Ces dossiers ont été constitués sur la base d'un accord trouvé le 18 juin avec le ministère de l'Immigration et la Direction générale du Travail. Cet accord, qui doit faciliter la régularisation des intérimaires et des employés à domicile, avait été arraché après huit mois de grève et occupations d'entreprises. Si les demandes aboutissent, les intéressés obtiendront une carte de séjour valable un an, renouvelable. Le rêve de tous, comme celui de Coilibaly.
 
TEMOIGNAGE - En lui brisant le pied, la vitre lui aura ouvert les yeux. Ce vendredi d'août 2009, Coilibaly, maçon de 29 ans termine sa journée sur un chantier de Massy, dans l'Essonne. Avant de le laisser partir à la Mosquée, Miguel, son patron lui demande de ranger le matériel. Des plaques de verre sont là, posées à la hâte. L'une d'elle tombe au passage du garçon. La jambe est touchée, le sang coule, direction les urgences. "Mon chef m'a déposé devant l'entrée de l'hôpital et m'a dit de me débrouiller", raconte aujourd'hui Coilibaly en montrant son pied blessé. A la douleur s'ajoute la crainte d'être arrêté en se faisant soigner. C'est le quotidien des salariés sans papiers, qui vivent tous avec cette peur au ventre d'être renvoyés dans leur pays.
 
L'histoire de Coilibaly est semblable à celle de milliers de clandestins. Lui est arrivé du Mali il y a dix ans avec, en tête, cette volonté bien classique : aider la famille restée au pays, subvenir aux besoins de la fratrie -dans son cas, 7 garçons et 8 filles issus des deux épouses de son père. "A Bamako, je gagnais trois euros par jour", explique Coilibaly. Son périple débute en Mauritanie. Il y reste le temps de financer son voyage. Le bateau jusqu'à l'Espagne ; l'autocar jusqu'en France ; le train jusqu'à Paris.
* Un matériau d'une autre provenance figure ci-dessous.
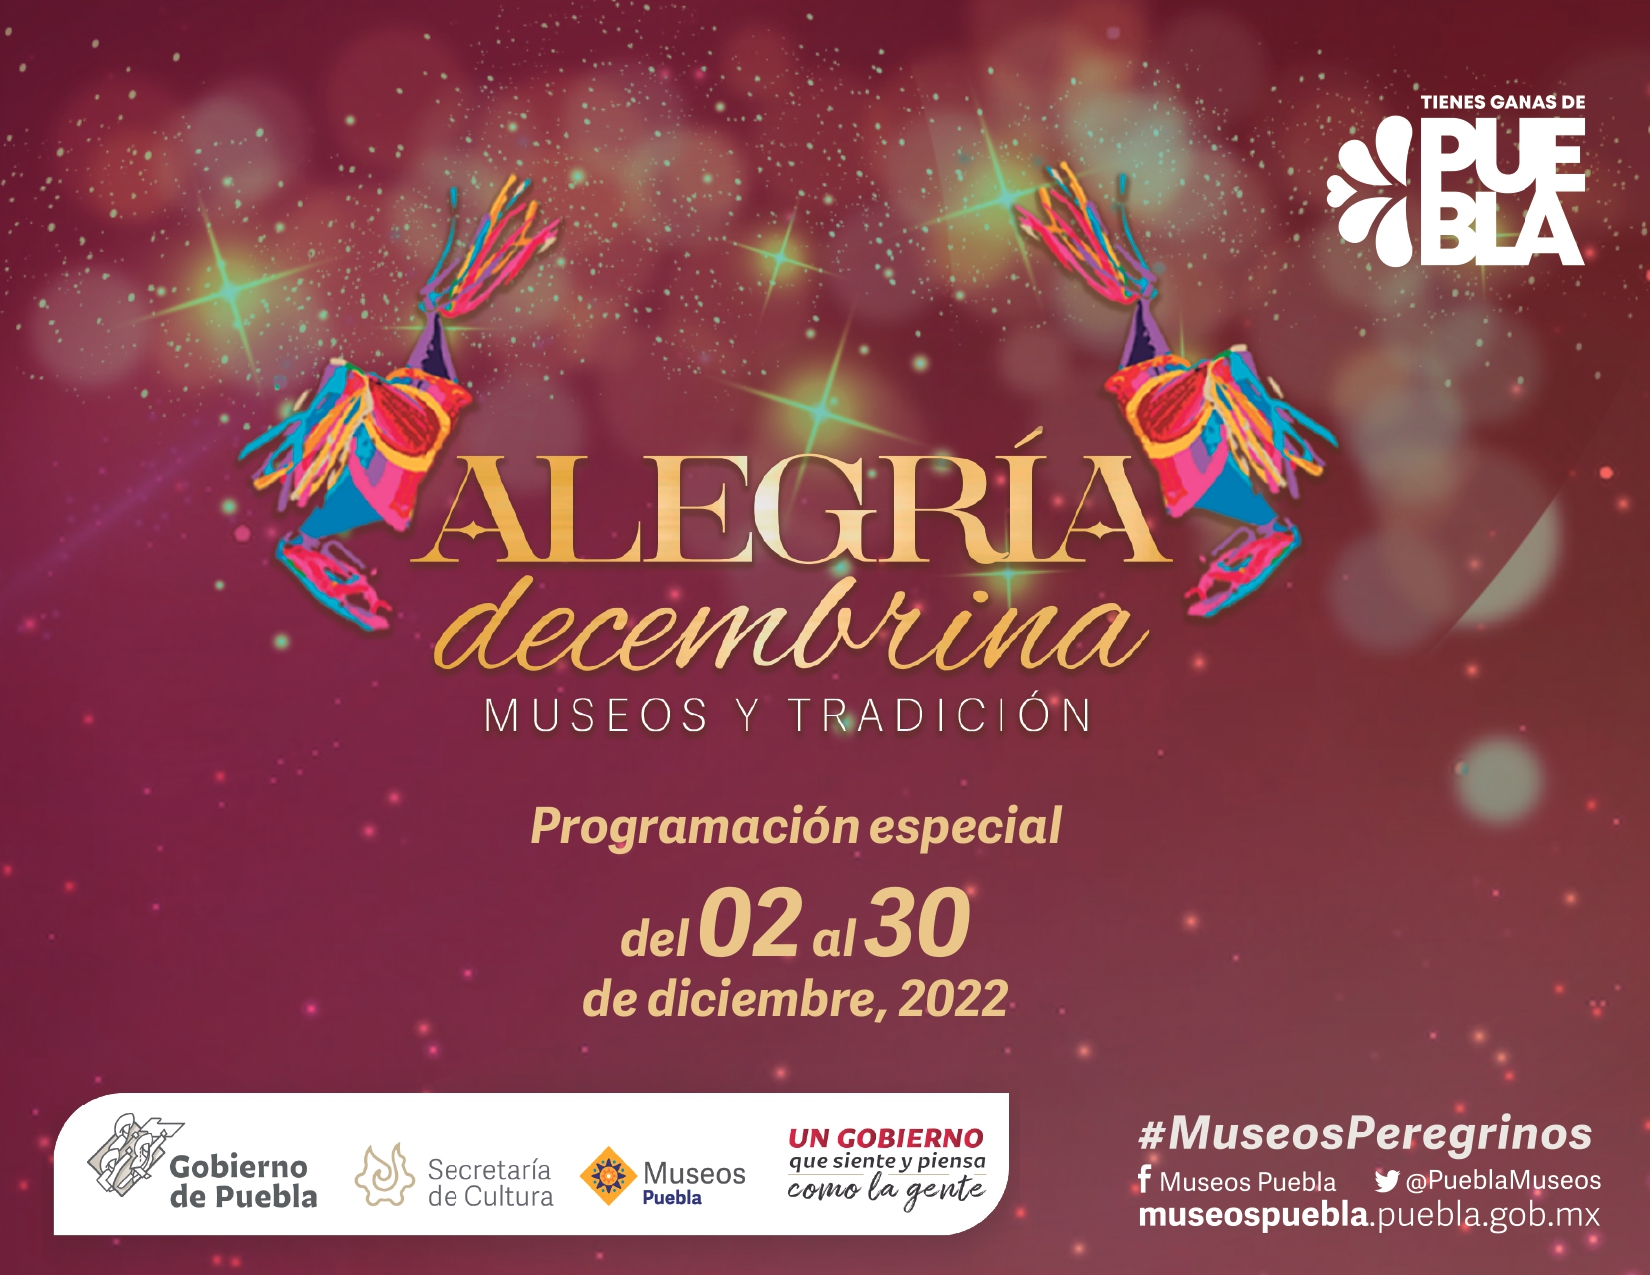 Este mes habrá actividades especiales en Museos de Puebla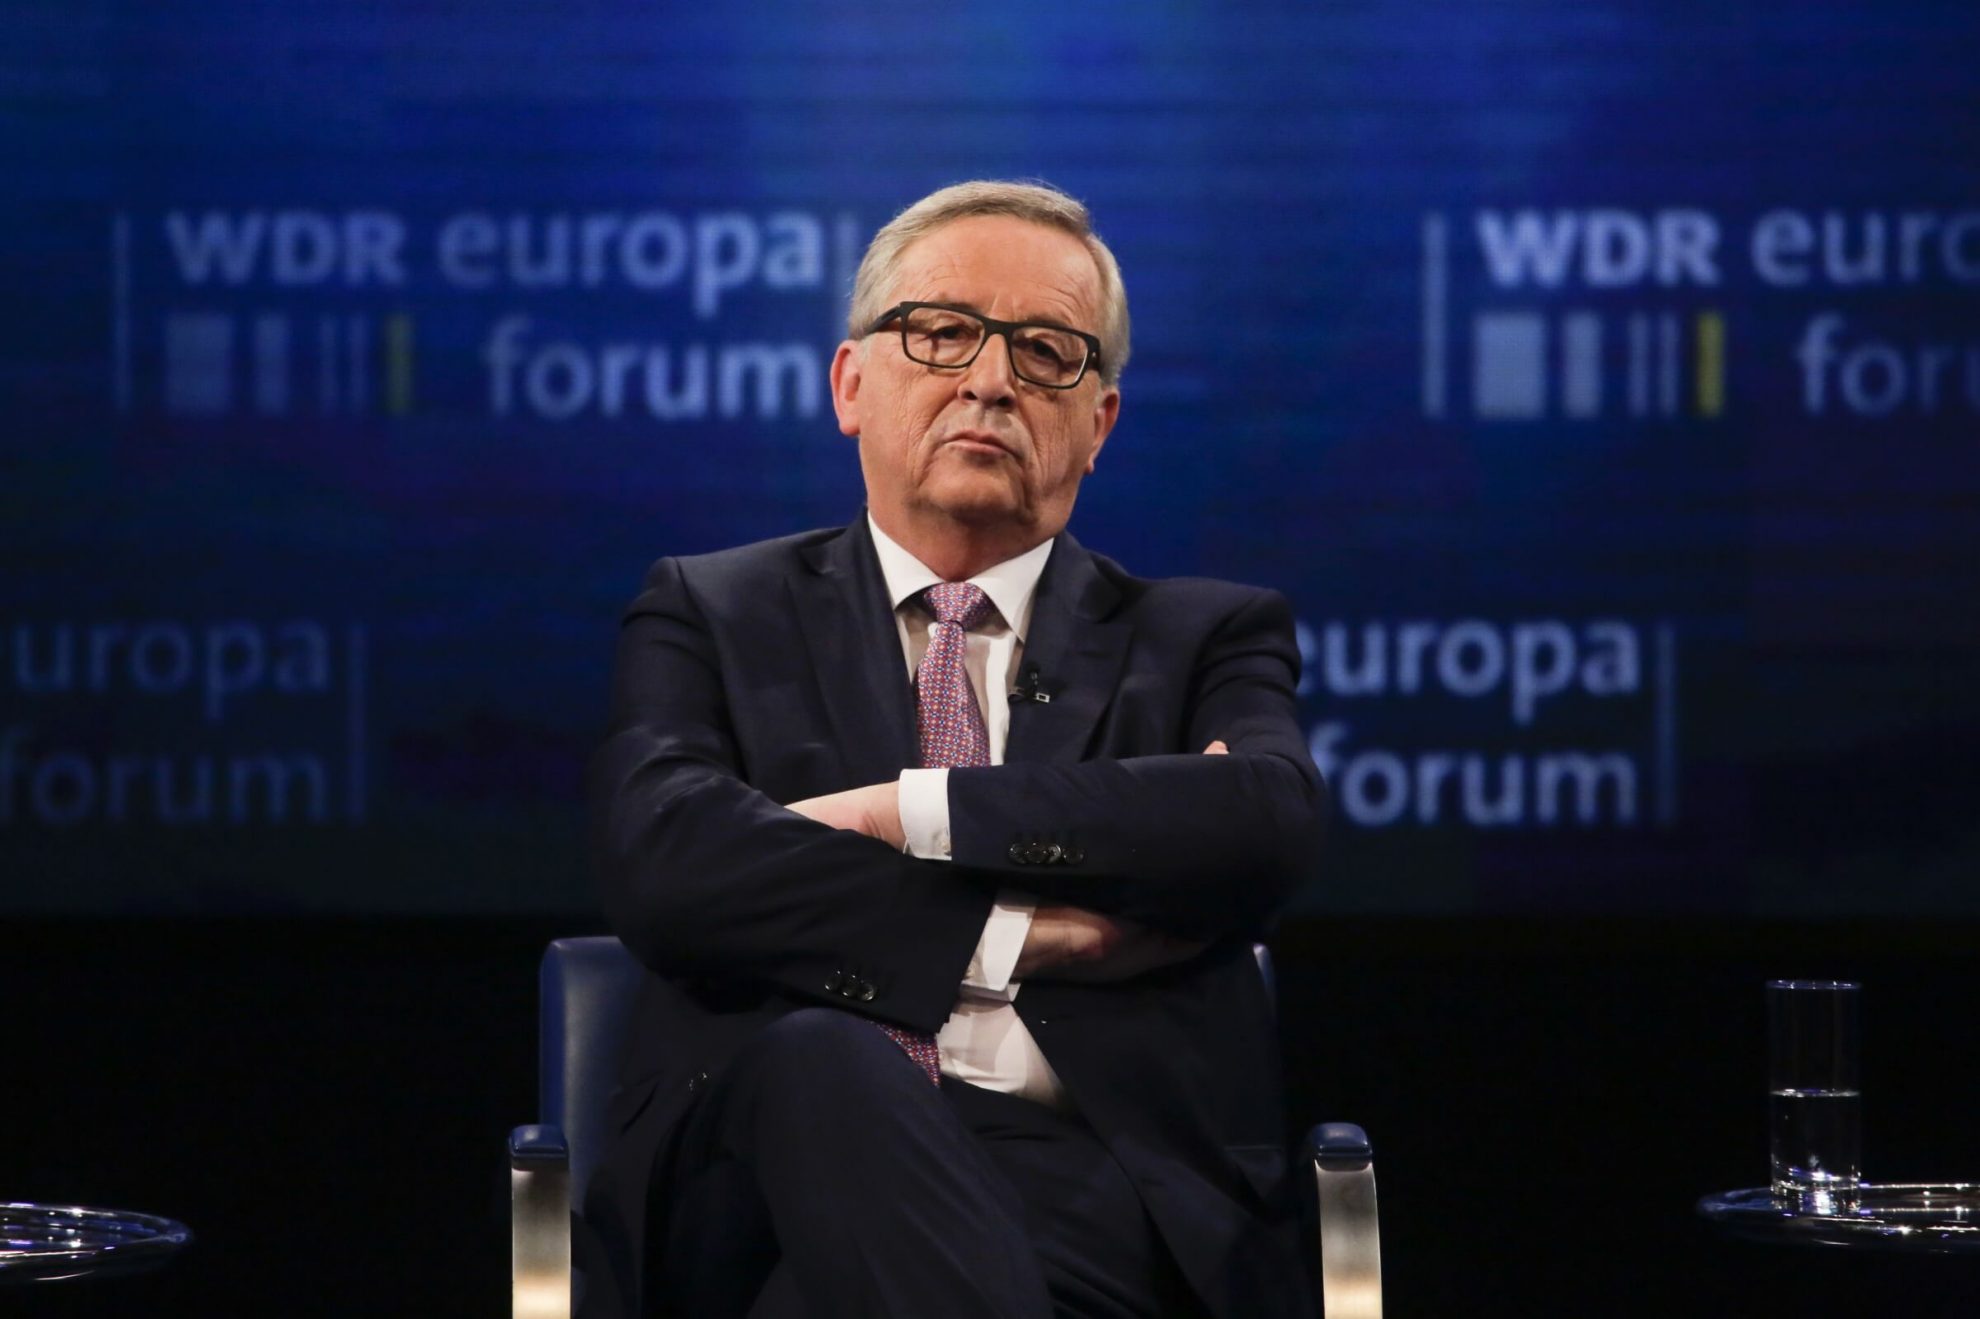 Derybos dėl prekybos negalės prasidėti tol, kol britai turės įsipareigojimų Europai, pareiškė Europos Komisijos pirmininkas Jeanas-Claude'as Junckeris.

160 euros le lot de faux papiers
 
Par le bouche-à-oreilles, il trouve un foyer à Pantin, en Seine-Saint-Denis. Dix ans après son arrivée, il y est encore. Sa chambre fait 18 mètres carré, ils y sont sept. Dans la pièce, sa place est celle de ceux qui n'ont pas de papiers. A terre, sur un vieux matelas. En France, Coilibaly ne connaît personne. Il passe ses journées au foyer à travailler en cuisine avec les femmes. "J'y restais de 5 heures à 20 heures, se souvient-il en se marrant. A préparer le riz, le baffé, le gombo..."
 
Un jour, un homme lui propose de faux papiers pour 160 euros. Ou le sésame pour travailler. Une semaine plus tard, voilà Coilibaly muni d'une fausse carte d'identité et d'une fausse carte vitale, à écumer les agences d'intérim. L'une d'elle lui demande ses qualifications -"je sais me débrouiller et je suis un gros bosseur"- photocopie ses -faux- papiers et lui propose des missions. Elles s'enchaînent. Un jour, un chef de chantier lui propose de le garder. Coilibaly gagne 1450 euros, chaque mois, 300 partent en Afrique.

"Je suis un travailleur, pas un fauteur de trouble"
 
"J'ai travaillé pendant huit ans avec lui, il ne m'a jamais questionné, dit le jeune homme à propos de son chef. Il n'était pas sûrement pas dupe, mais je travaille dur"". C'est jusqu'à son accident du travail l'an dernier. "Là, devant les urgences, mon employeur m'a dit qu'il ne voulait pas avoir de problèmes et qu'il me virait", se souvient Coilibaly. Aucune amertume dans sa voix. "Je lui dois beaucoup. Il m'a tout appris dans la maçonnerie, dit-il. Ce jour-là, il ne pouvait pas faire autrement."
 
Le jeune clandestin rigole quand on lui demande combien de fois il a été contrôlé. "Alors ça ! Je ne compte plus", lance-t-il. Des passages dans des centres de rétention, des heures au commissariat. "A chaque fois, je dis bien aux policiers que je suis un travailleur, pas un fauteur de trouble", ironise Coilibaly en référence au discours présidentiel faisant le parallèle entre immigration et délinquance. "Ils me répondent de faire attention..." Selon lui, si tous les clandestins pouvaient travailler légalement, "ça ferait du bien à la France, ça ferait avancer le pays". Avant de refermer son dossier de demande de régularisation, Coilibaly a embrassé "tous les documents un à un !". Il dit ça, les yeux fatigués, et lance tout d'un coup : "on est né avec le courage, on a grandi avec le courage. On mourra avec le courage... et des papiers, j'espère." 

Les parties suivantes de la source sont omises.